▸ DATA SHOWN:
=== Begin Enclosure ===

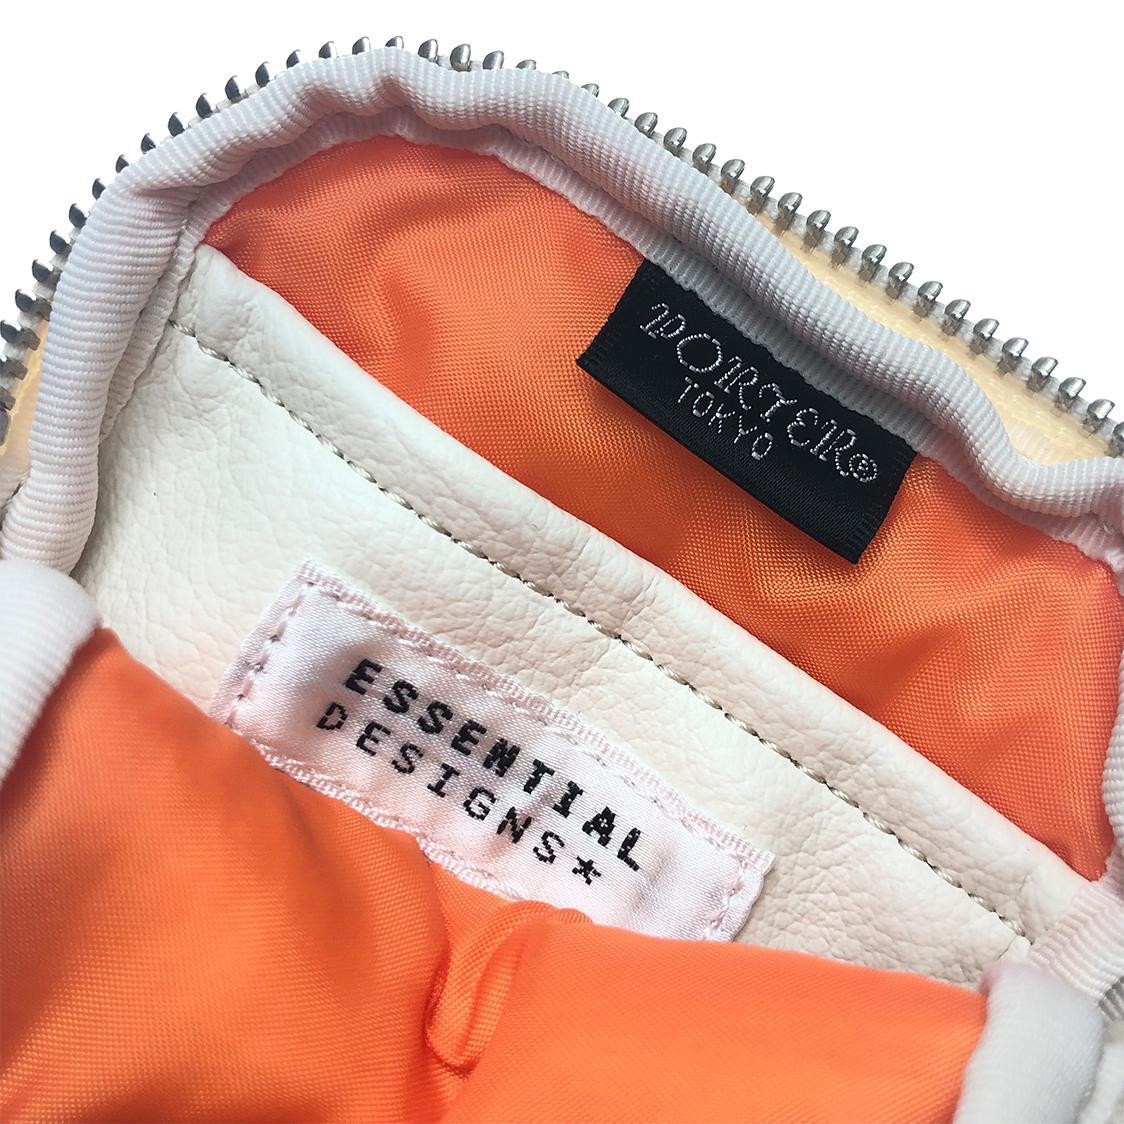 ポーター porter × ESSENTIAL DESIGNS エッセンシャルデザイン コインケース オレンジ 小銭入れ サイフ 財布 吉田カバン
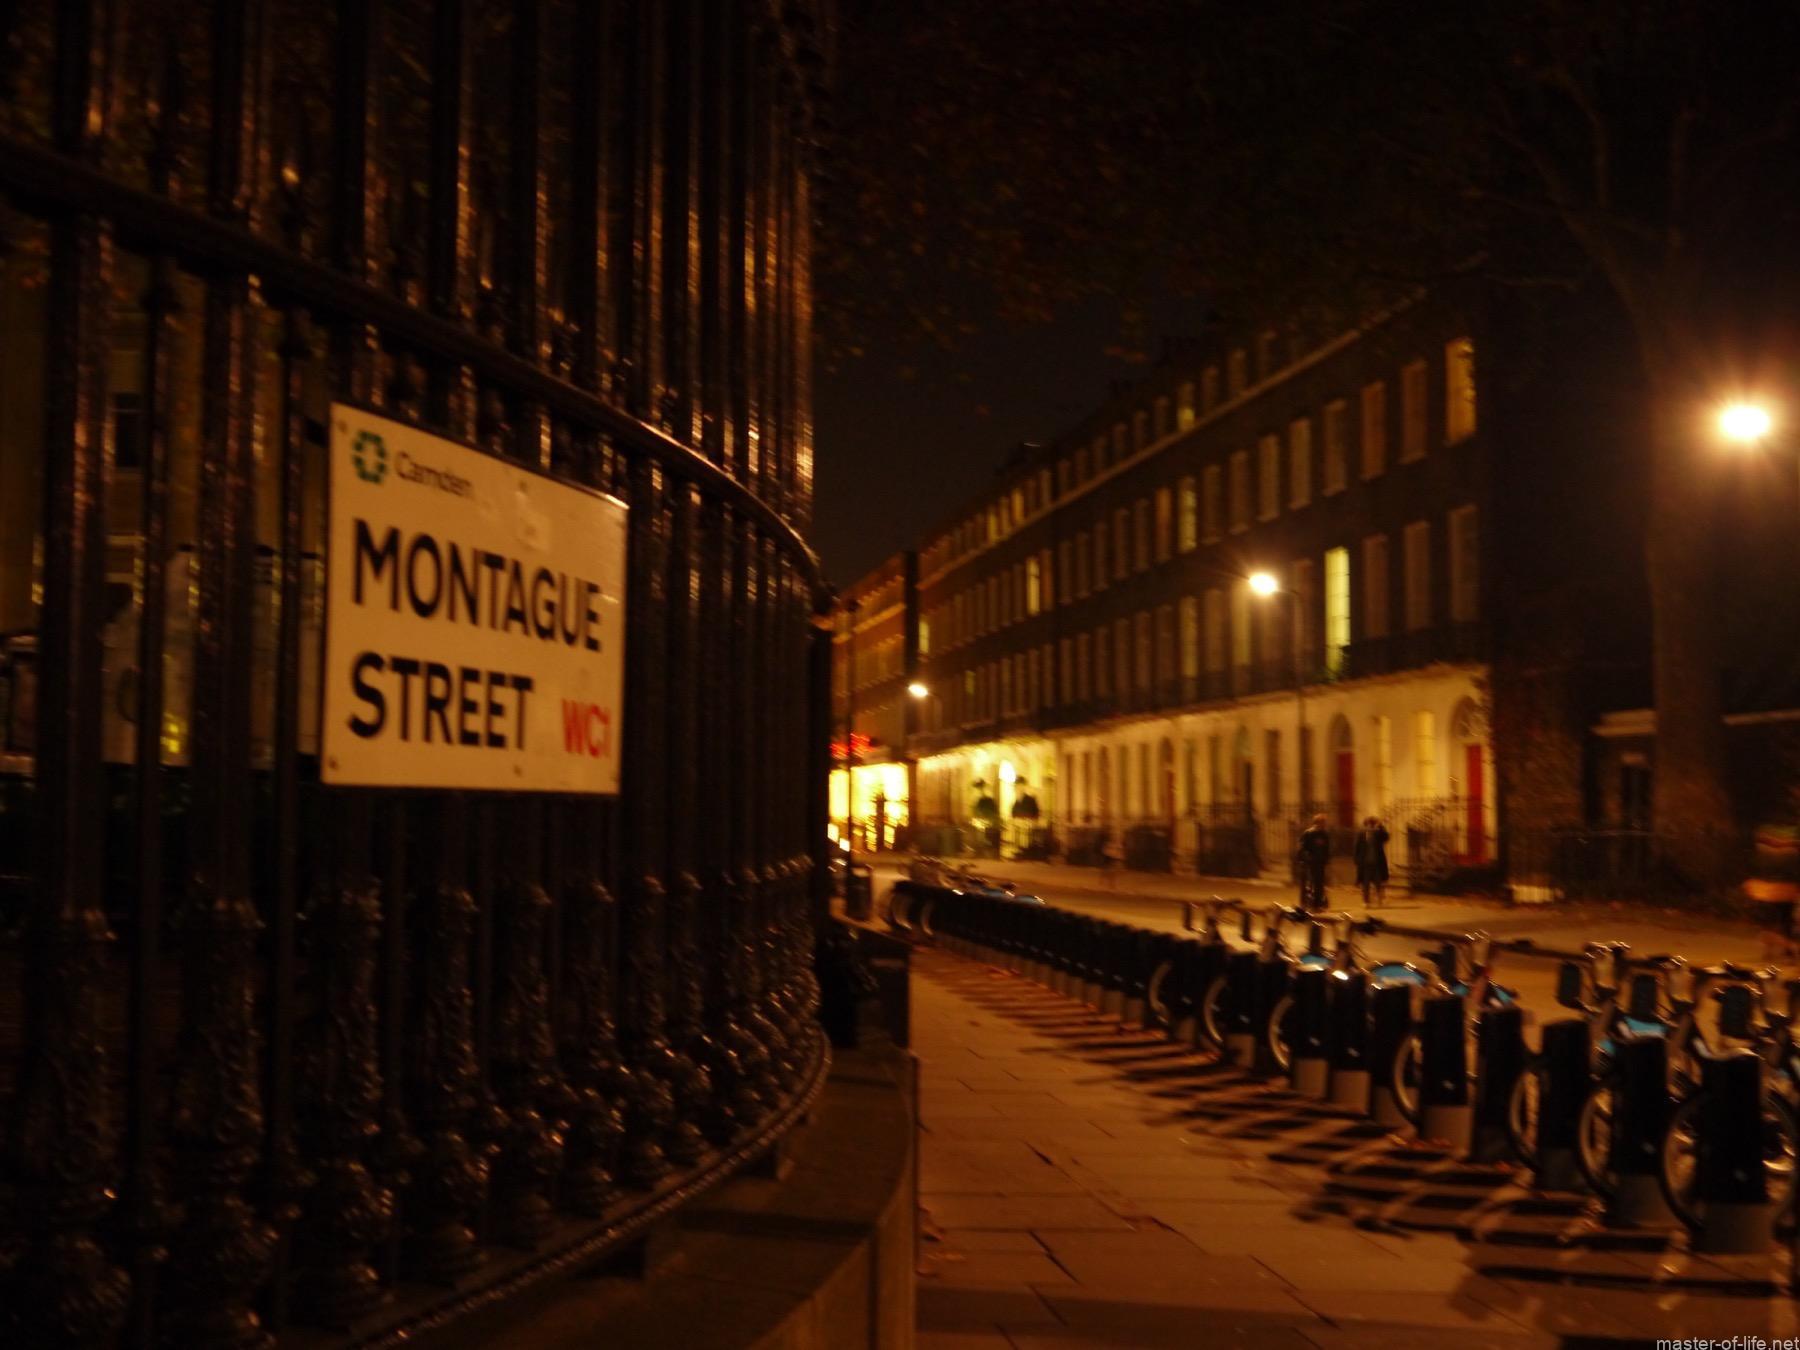 モンタギュー街
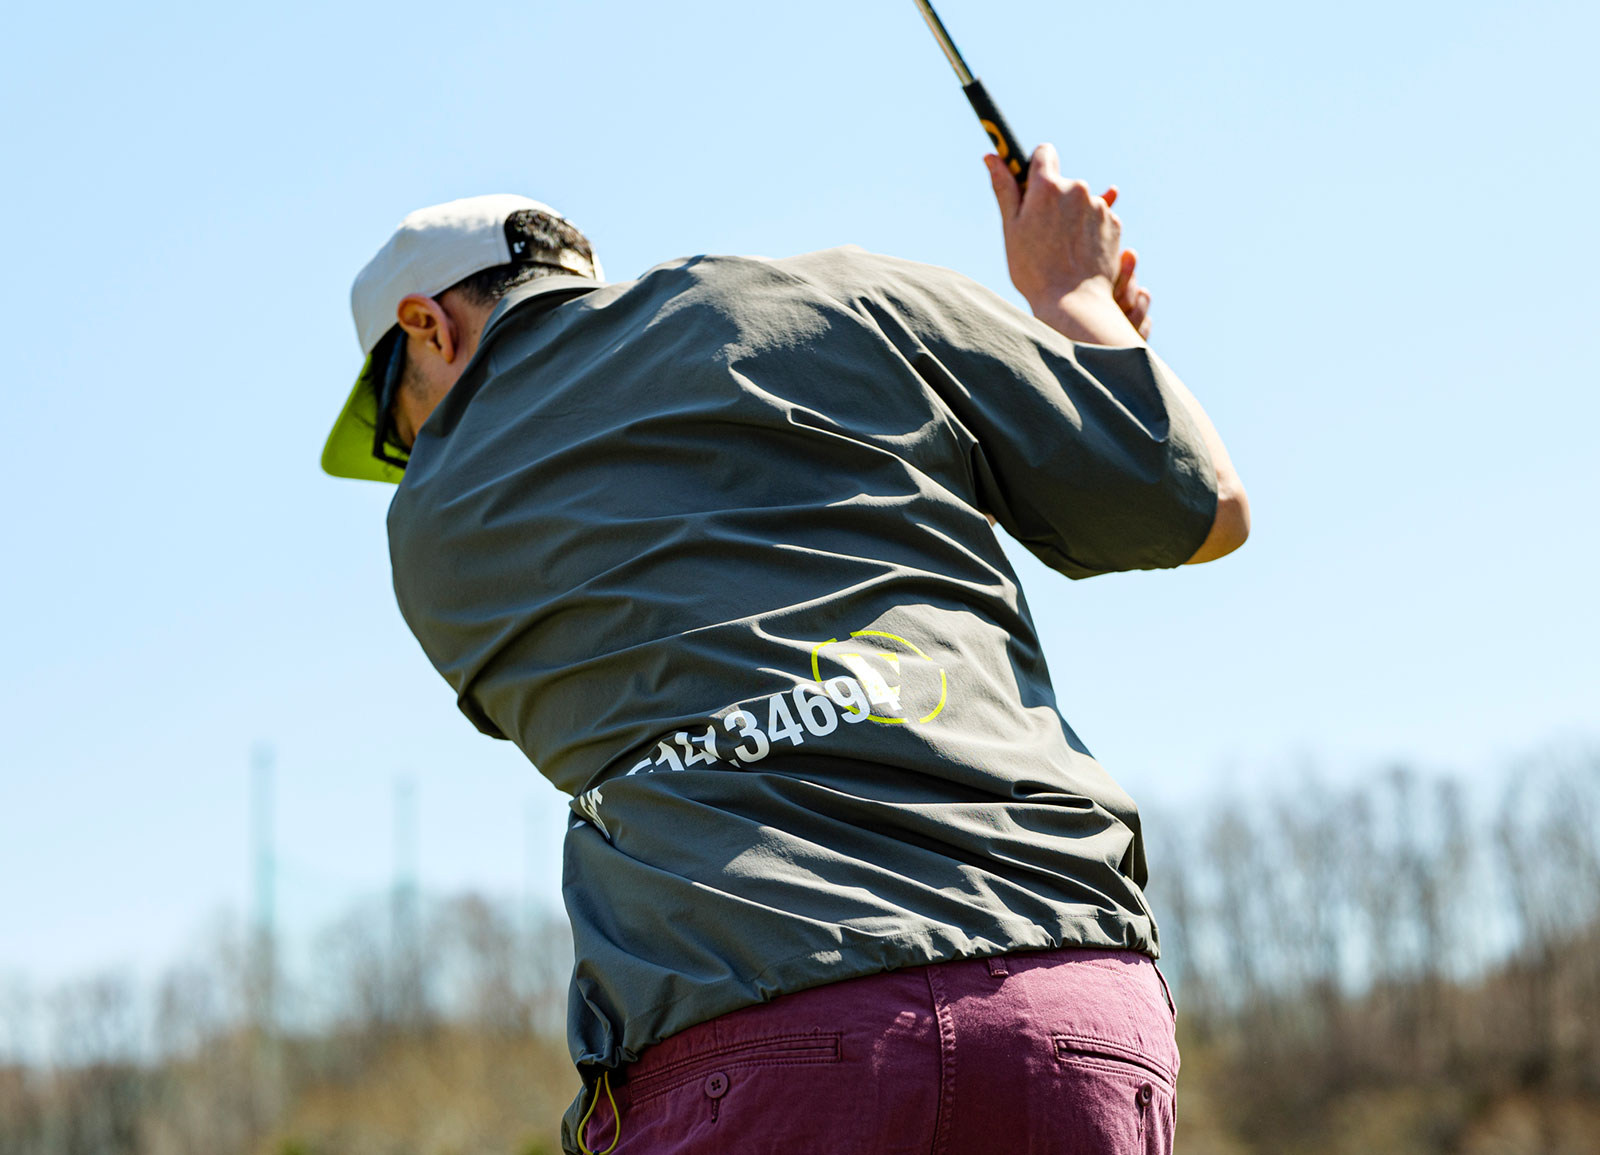 オンコースから日常まで。バーサタイルに着回せる新提案のゴルフウェア。
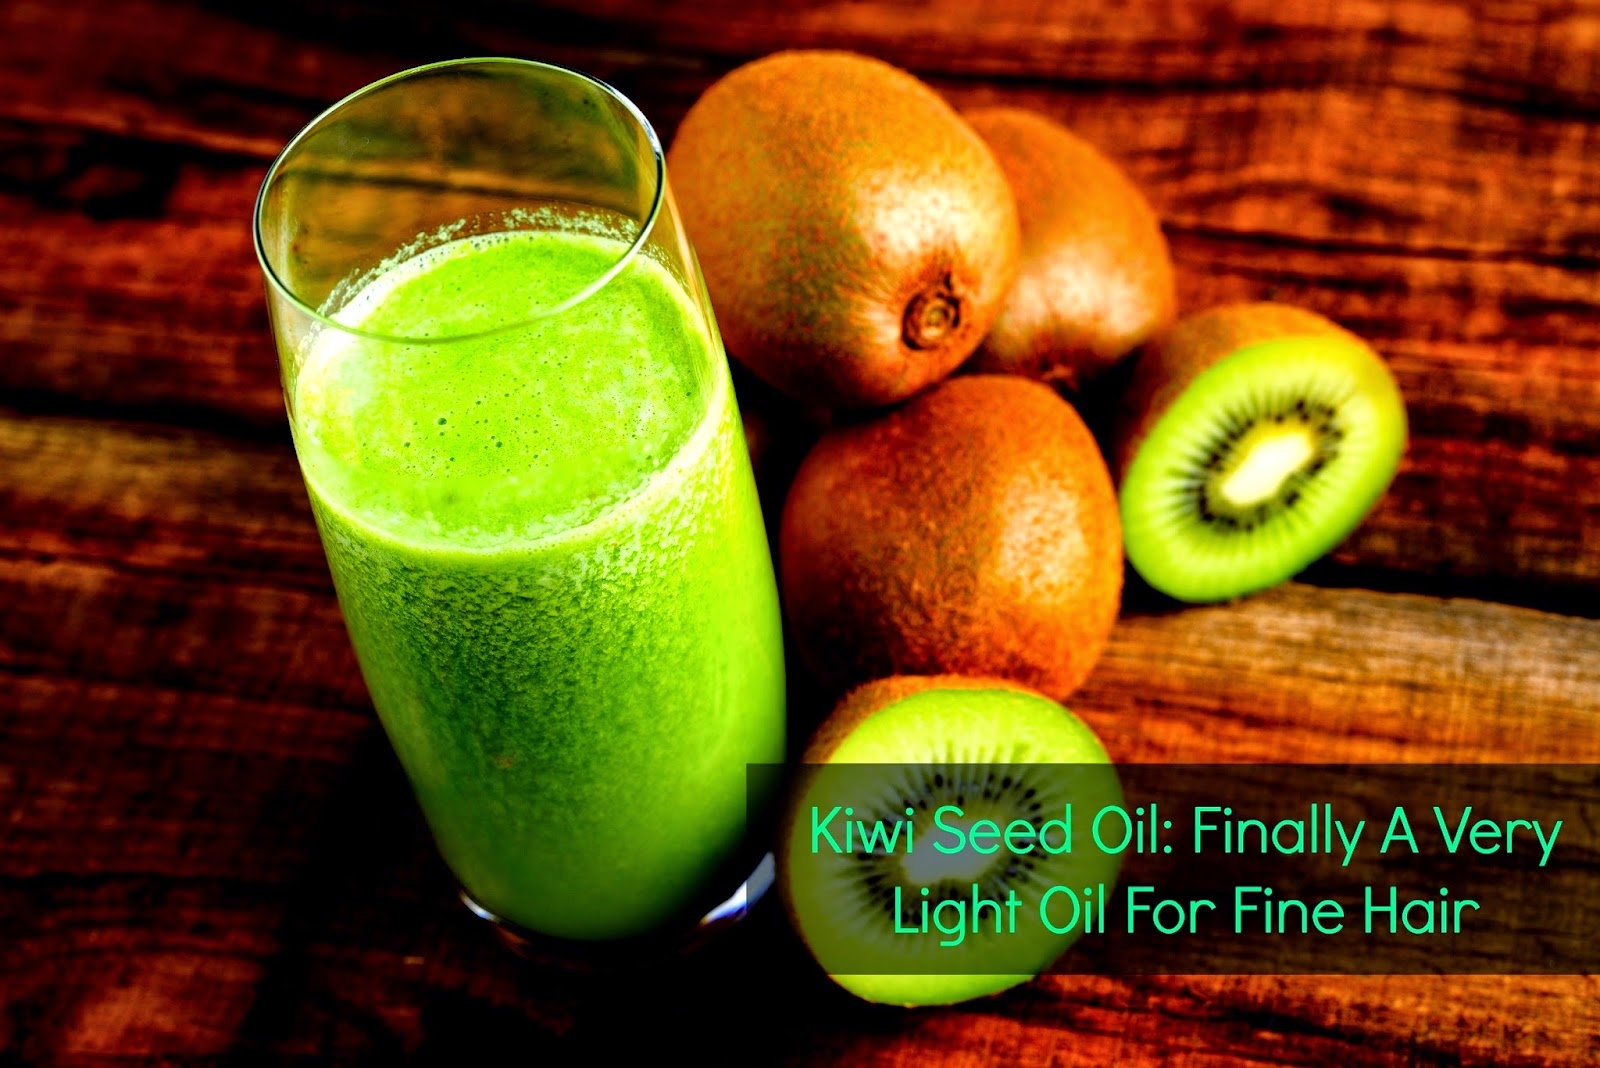 Kiwi Seed Oil: Finally A Very Light Oil For Fine Hair

=== End Enclosure ===

▸ EXERCISE PROMPT:
Copy out every line of the material above precisely, omitting the pictures.

▸ ANSWER:
 ポーター porter × ESSENTIAL DESIGNS エッセンシャルデザイン コインケース オレンジ 小銭入れ サイフ 財布 吉田カバン
 モンタギュー街
 オンコースから日常まで。バーサタイルに着回せる新提案のゴルフウェア。
 Kiwi Seed Oil: Finally A Very Light Oil For Fine Hair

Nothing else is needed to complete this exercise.